4. (iv) All of the problems listed above are easier to solve using the quasi-static approximation. One should keep in mind, however, that Finneran et al. (2021) compared that with the transient solution of the governing equations (for the classical model) and observed that at high pressure, the quasi-steady approximation overpredicts the droplet lifetime by up to 80 %.

   One might conjecture that the difference between the transient and quasi-steady approaches is due to the fact that the latter implies that the mass of evaporated liquid is infinite. Indeed, the steady solution of the spherically symmetric diffusion equation for vapour is ${\sim }1/r$ – hence the integral of this solution over the region between the drop's surface and infinity diverges.

   Thus for the quasi-steady solution to establish itself around the drop, a significant part of the drop should have evaporated already. This applies to both classical and generalised models.

5. (v) If the drop's radius is small, but the Kelvin effect is nevertheless neglected, the generalised model – i.e. (4.1) with $\sigma =0$ – predicts that the time of a drop's evaporation is proportional to its radius. A similar behaviour occurs due to the temperature jump associated with the Knudsen layer (e.g. Rana et al. 2019; Zhao & Nadal 2023), but this seems to be just a coincidence.

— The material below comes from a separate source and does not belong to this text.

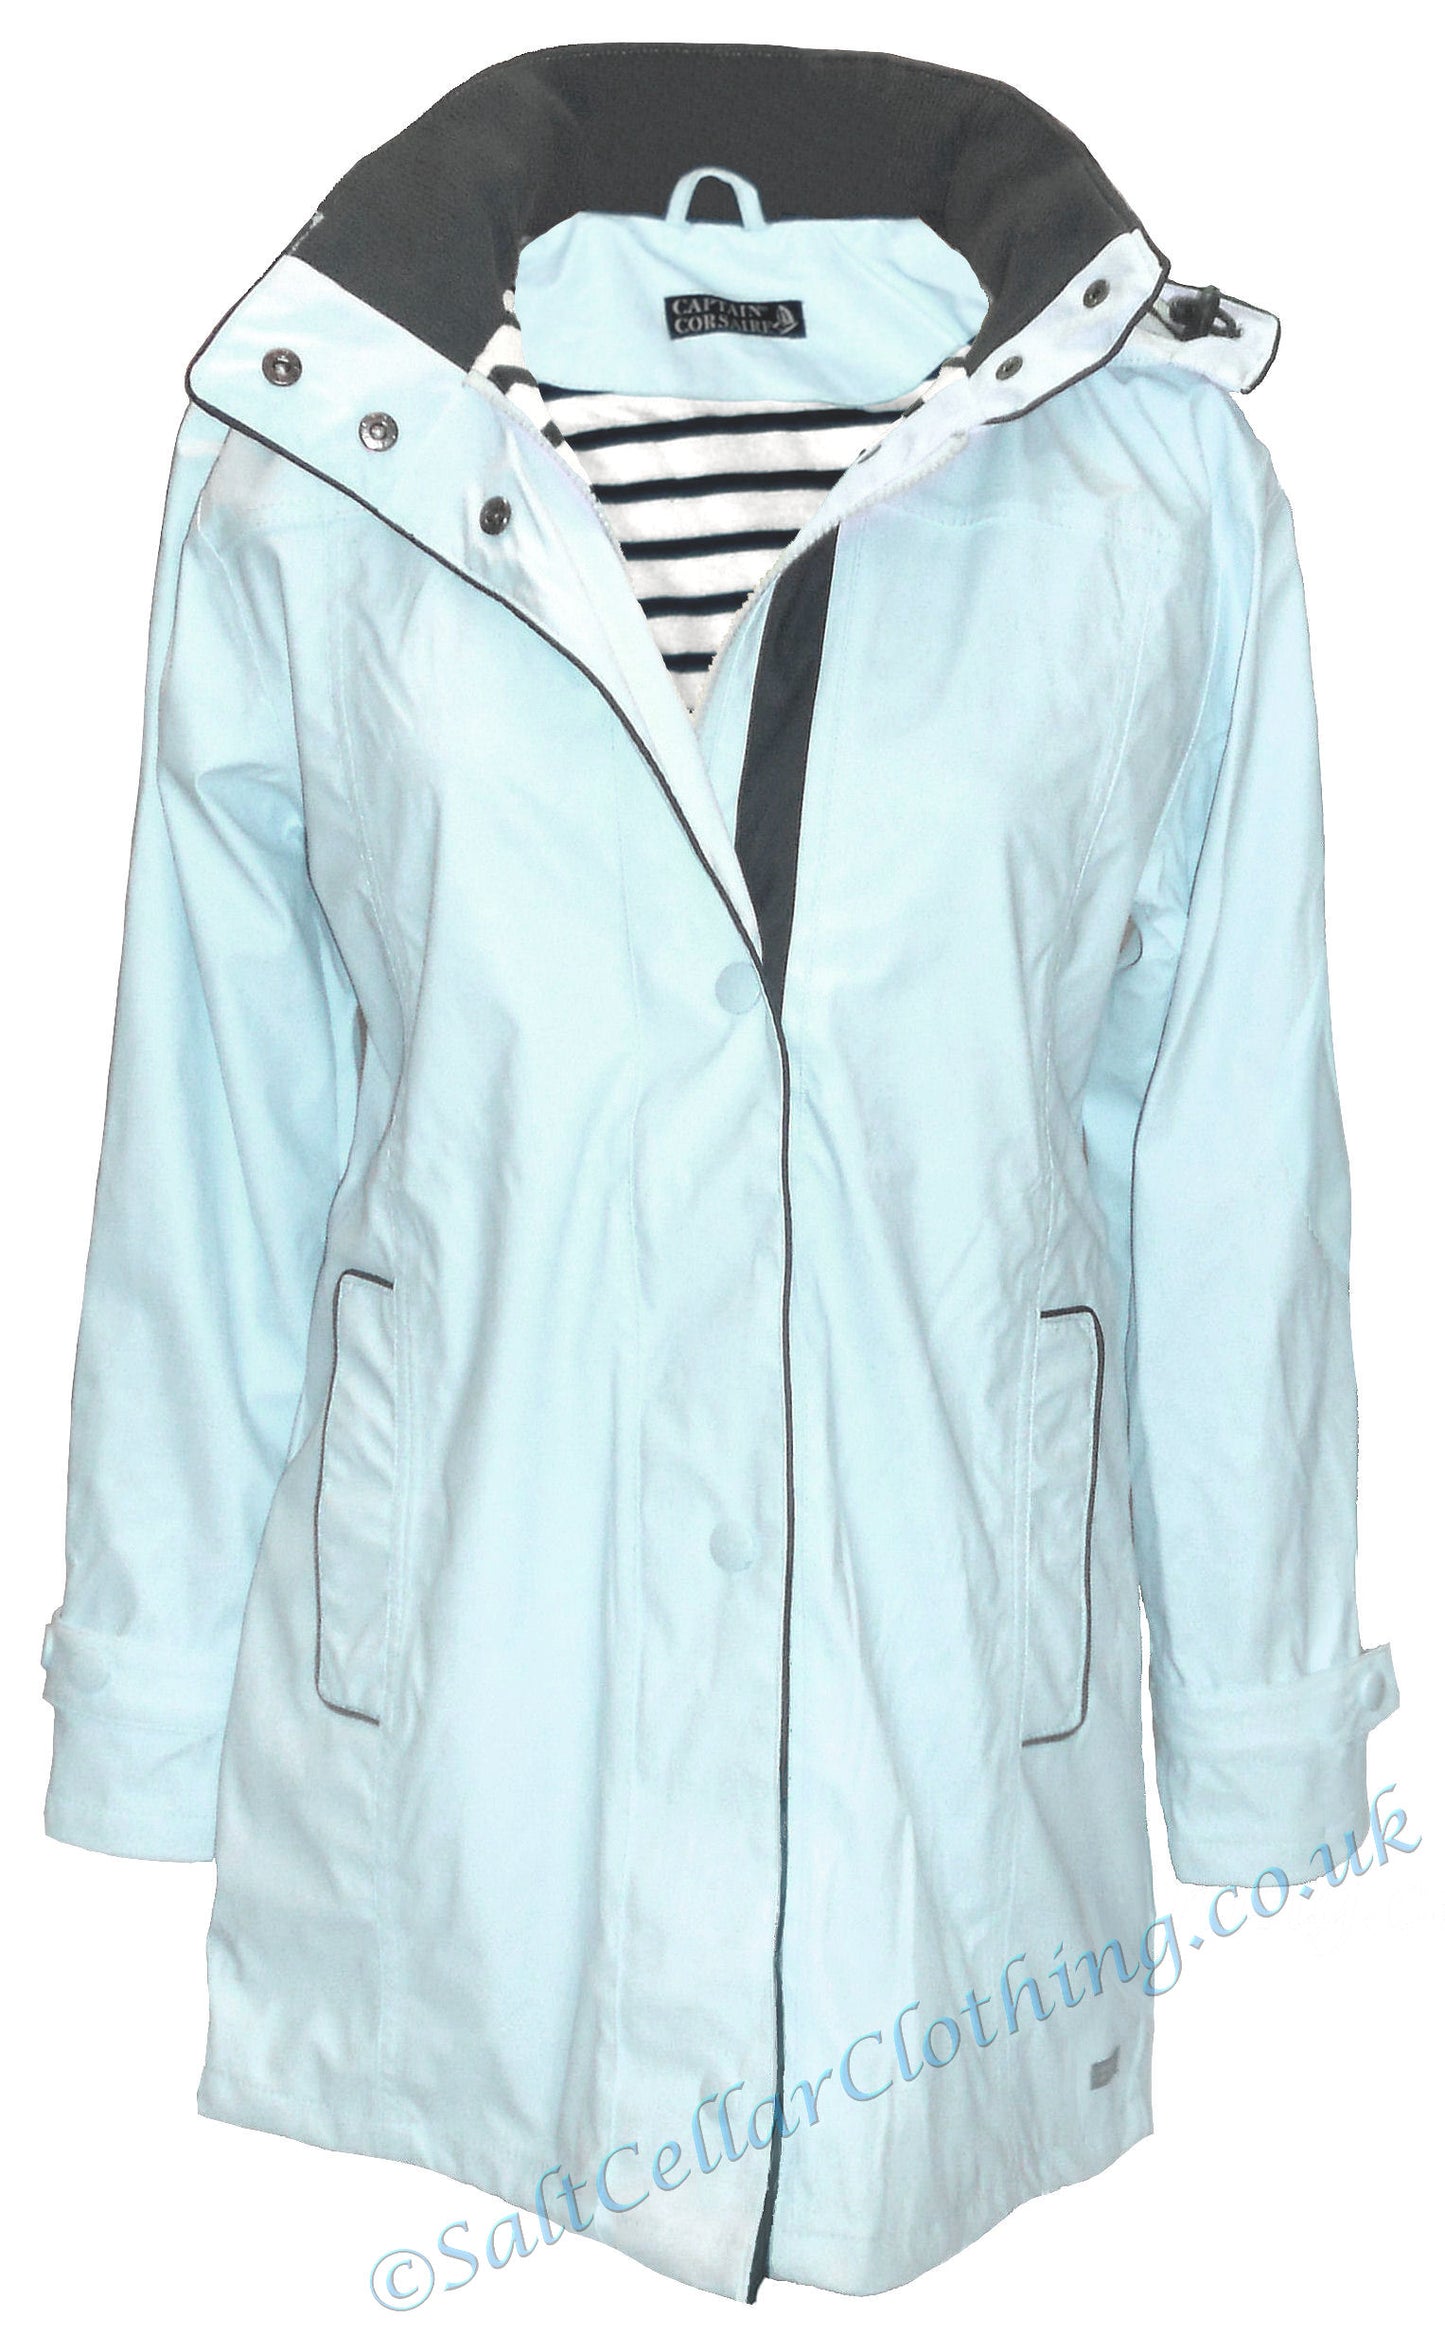 Women's Regate Ete waterproof jacket from Captain Corsaire in pale azure blue.

Indeed, the DIM does not describe temperature jumps (which are a purely kinetic effect (Bond & Struchtrup 2004; Persad & Ward 2016; Rana et al. 2018)), whereas the existing kinetic models do not include the van der Waals force (which is vital for Zone 1 of the present analysis).

   Yet the Knudsen layer and Zone 1 are both located at the outskirts of the interface, out of equilibrium and affected by irreversible processes: the former by collisions, and the latter by viscosity (which is the hydrodynamic analogue of collisions). All this suggests that Zone 1 is the DIM equivalent of the Knudsen layer. If this is indeed the case, then the main conclusion of this paper is that the van der Waals force is one of the driving effects in the Knudsen layer and thus should be accounted for.

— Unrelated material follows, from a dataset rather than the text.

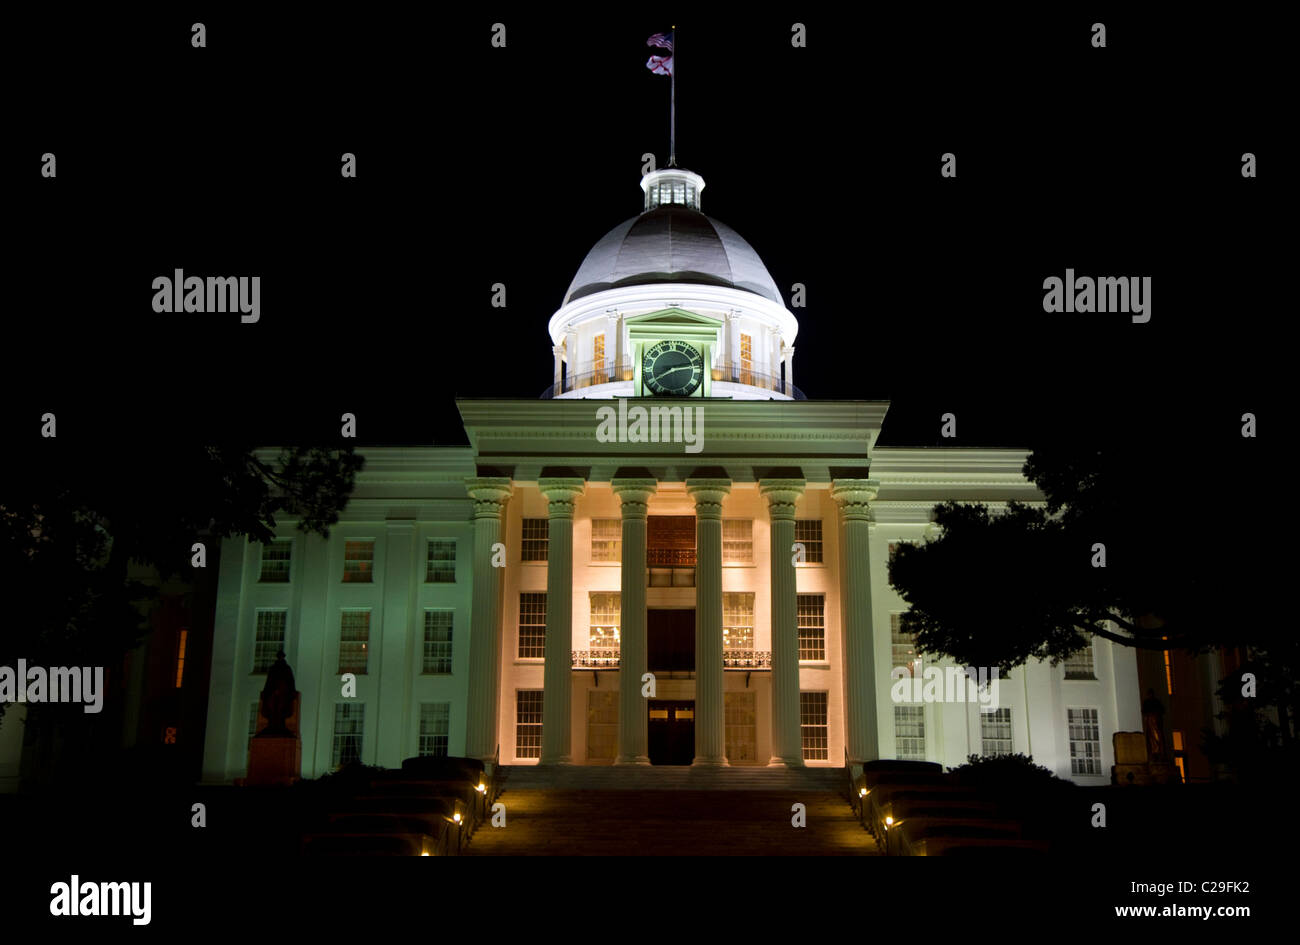 Das Alabama State Capitol Building in der Nacht befindet sich auf Goat Hill in Montgomery, Alabama, USA. Stockfoto

   This conjecture can be verified using the Enskog–Vlasov kinetic equation; it includes the van der Waals force (just like the DIM) and can handle temperature jumps (like the Boltzmann equation). Since both effects work the same way – to slow evaporation down – their joint effect should be stronger than predicted by the DIM and existing models of the Knudsen layer separately.

6. (vi) Despite the fact that the DIM cannot handle temperature jumps, it is still closely related to the Enskog–Vlasov equation, with the former being the hydrodynamic approximation of the latter (Giovangigli 2020, 2021). The asymptotic structure of the solution of the two models should be similar, and the results obtained in the present paper should make the analysis of the Enskog–Vlasov equation much easier.

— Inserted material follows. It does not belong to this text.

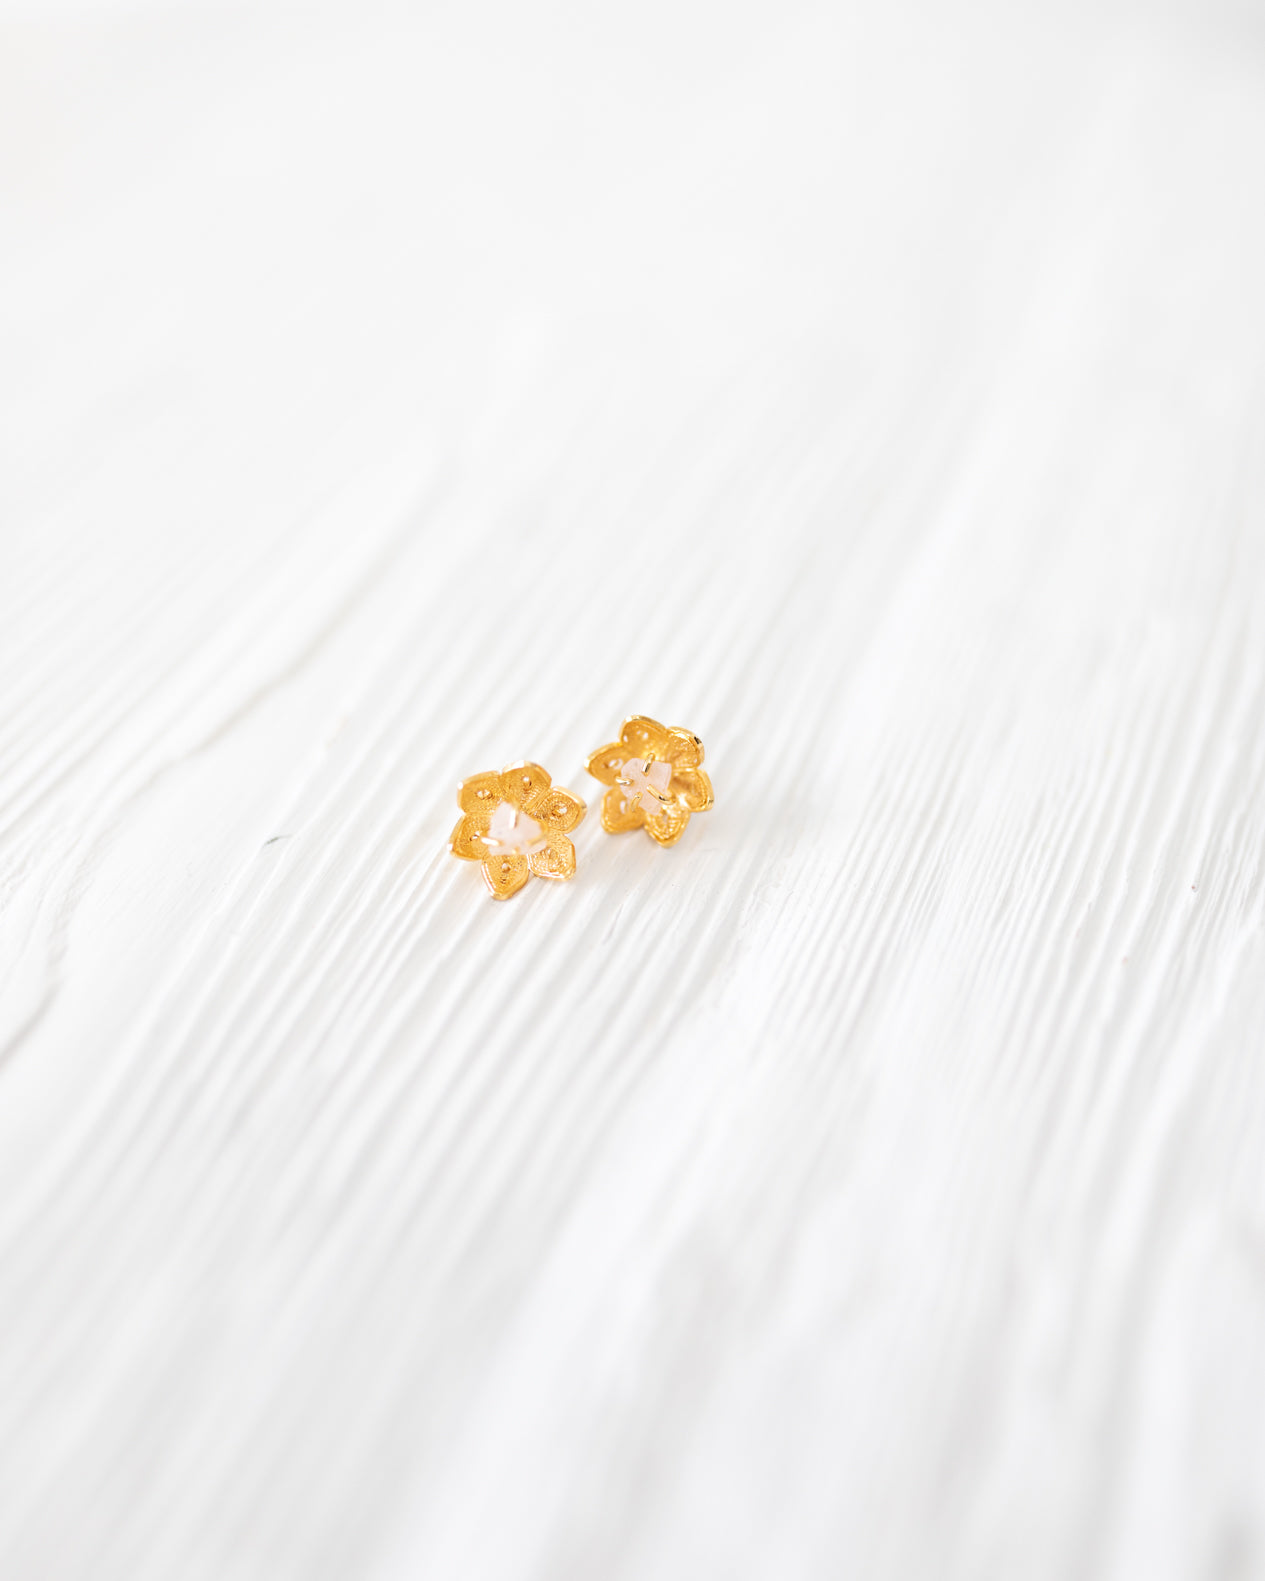 Rose Quartz in Gold Flower Earrings

7. (vii) Note that, strictly speaking, the surface tension depends on the drop's curvature (Tolman's effect), which can have a profound influence on, say, cavitation (Menzl et al. 2016; Magaletti, Gallo & Casciola 2021; Aasen et al. 2023; Lamas et al. 2023). Since cavitating bubbles are created with zero radii, Tolman's length – no matter how small – may affect the whole ‘trajectory’ of their growth. Evaporation appears to be different, however; since Tolman's length for, say, water under normal conditions is less than 1 Å (e.g. Wilhelmsen, Bedeaux & Reguera 2015; Burian et al. 2017), it is much smaller than typical radii of evaporating drops, and the whole effect is likely to be negligible.